Overview
Key Features
- ETL Pipeline: Wrote a MongoDB to PostgreSQL ETL script singlehandedly, importing database details from the main source database (MongoDB) to the analytics database (PostgreSQL) with proper data transformation and schema mapping.
- Metabase Deployment: Deployed a Metabase application on a Docker image running on an EC2 instance, providing a user-friendly interface for non-technical users to explore data and create visualizations.
- AI-Powered Query Generator: Built a user-friendly application that takes natural language prompts and, combined with Metabase metadata, generates SQL queries to automatically produce visualizations.

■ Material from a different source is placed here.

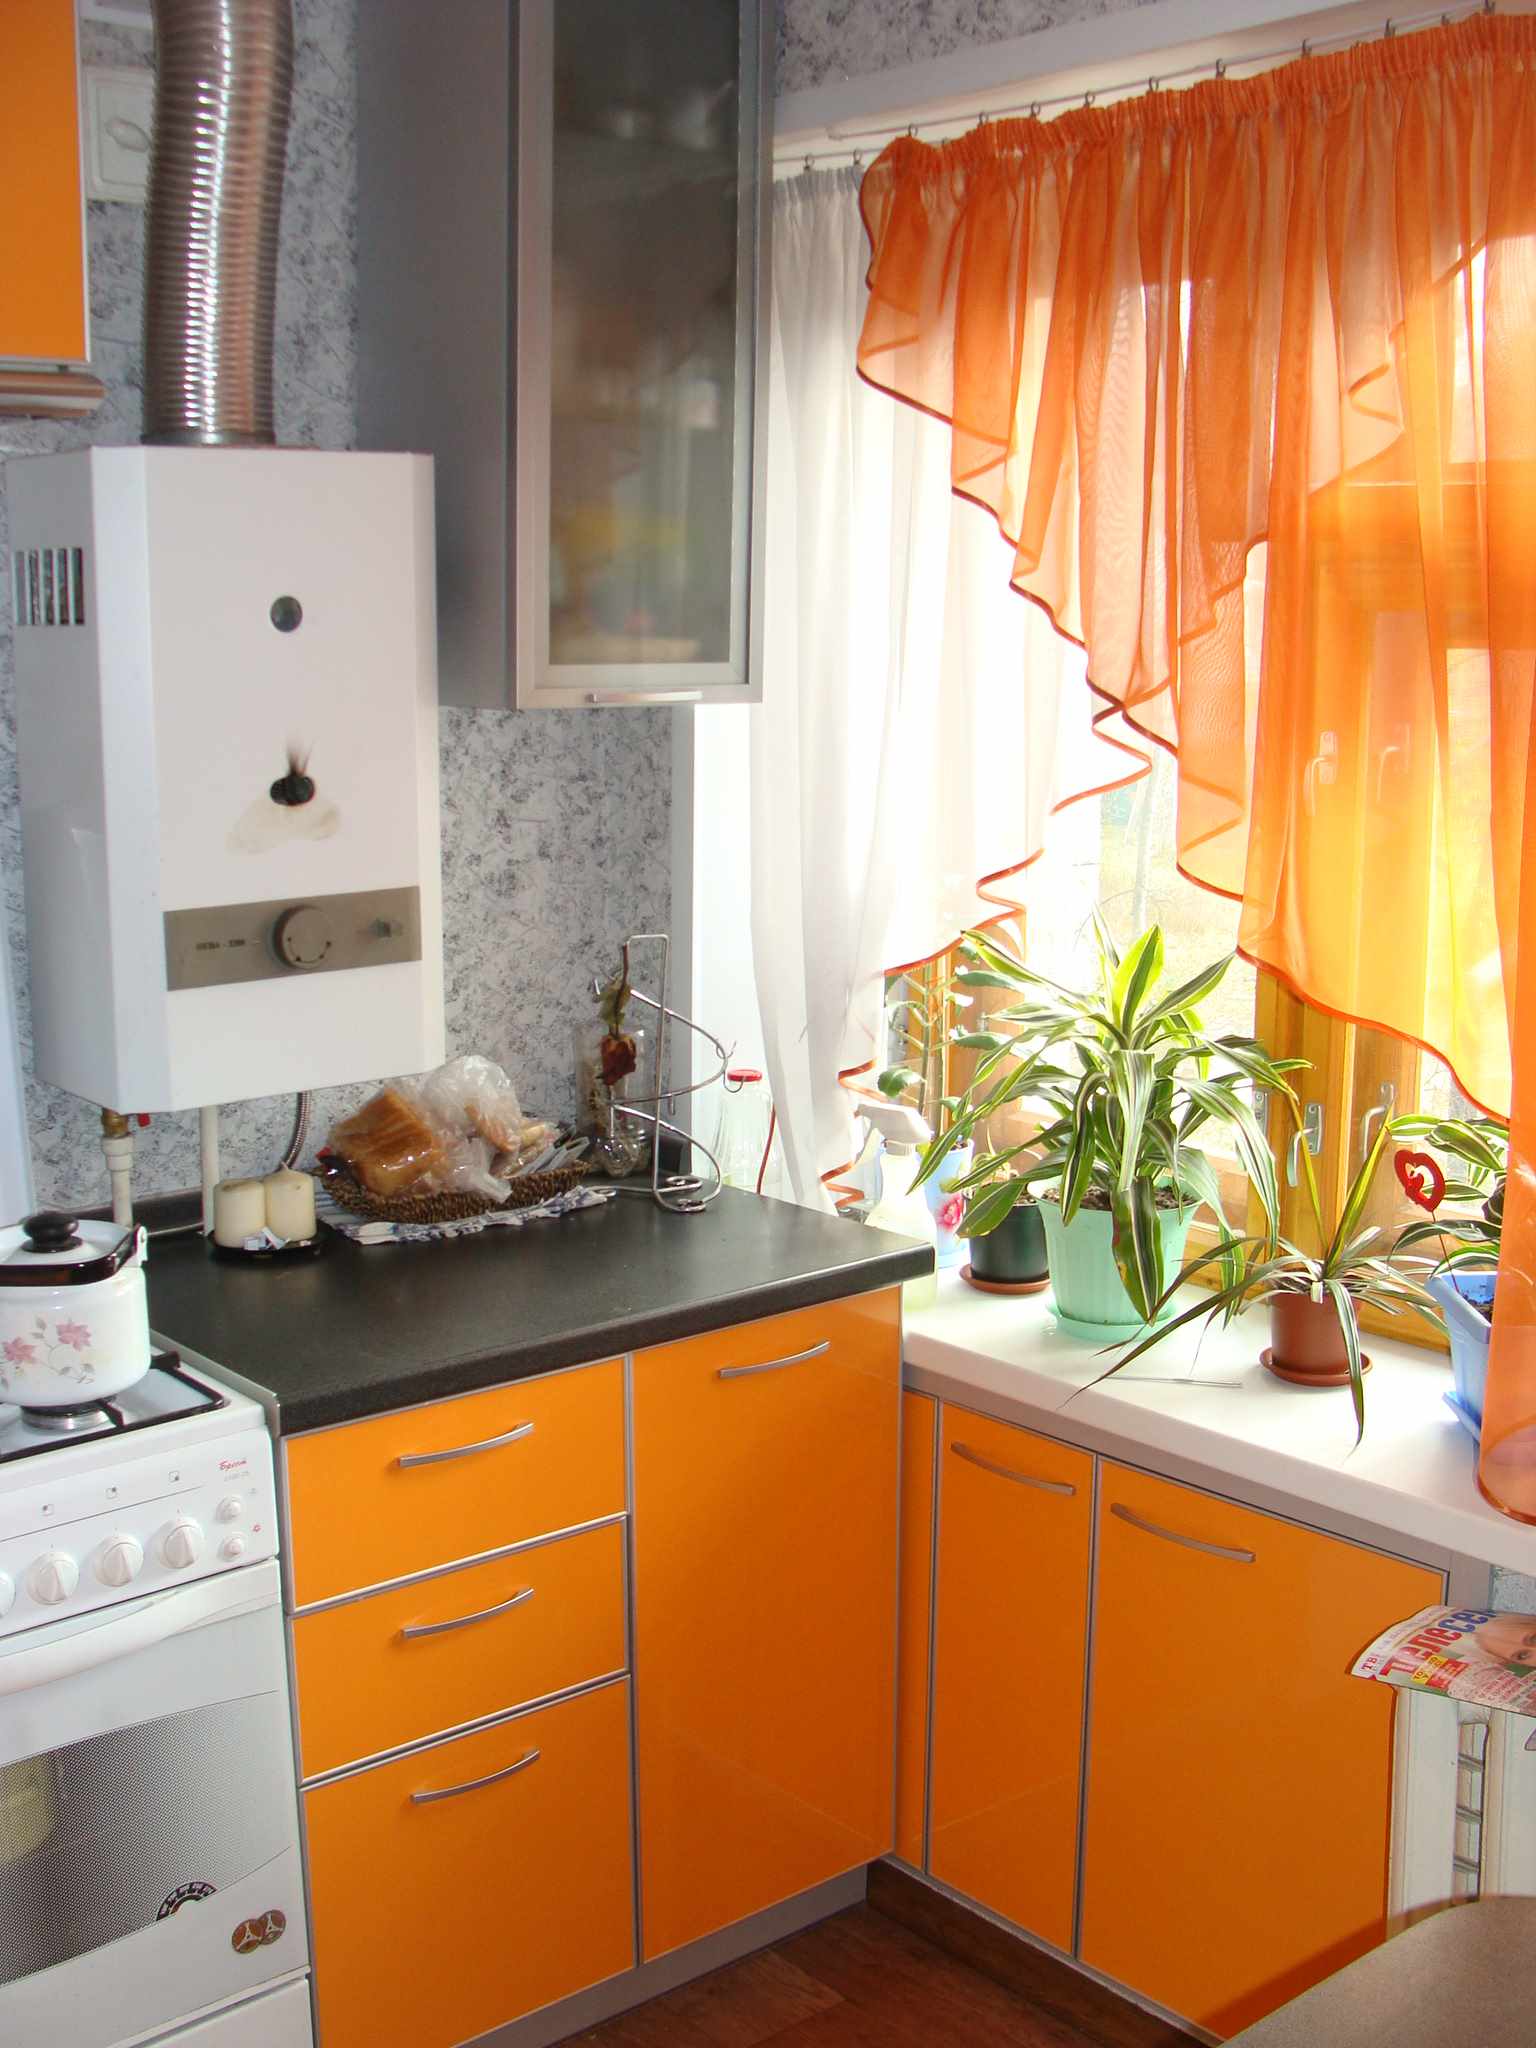 Un esempio di un bellissimo interno cucina con una caldaia a gas

This allowed non-technical team members to get insights without writing SQL.
- Self-Serve Analytics: Enabled product, operations, and business teams to independently access and analyze data, reducing the bottleneck on engineering for ad-hoc queries.
Technologies Used
- MongoDB: Source database
- PostgreSQL: Analytics database
- Docker: Containerized Metabase deployment
- AWS EC2: Infrastructure hosting
- Python: ETL scripts and AI query generator
- Metabase: Business intelligence and visualization platform
Impact
- Eliminated engineering bottleneck for data requests
- Enabled non-technical stakeholders to create their own reports and dashboards
- Reduced time-to-insight from days (waiting for engineering) to minutes (self-serve)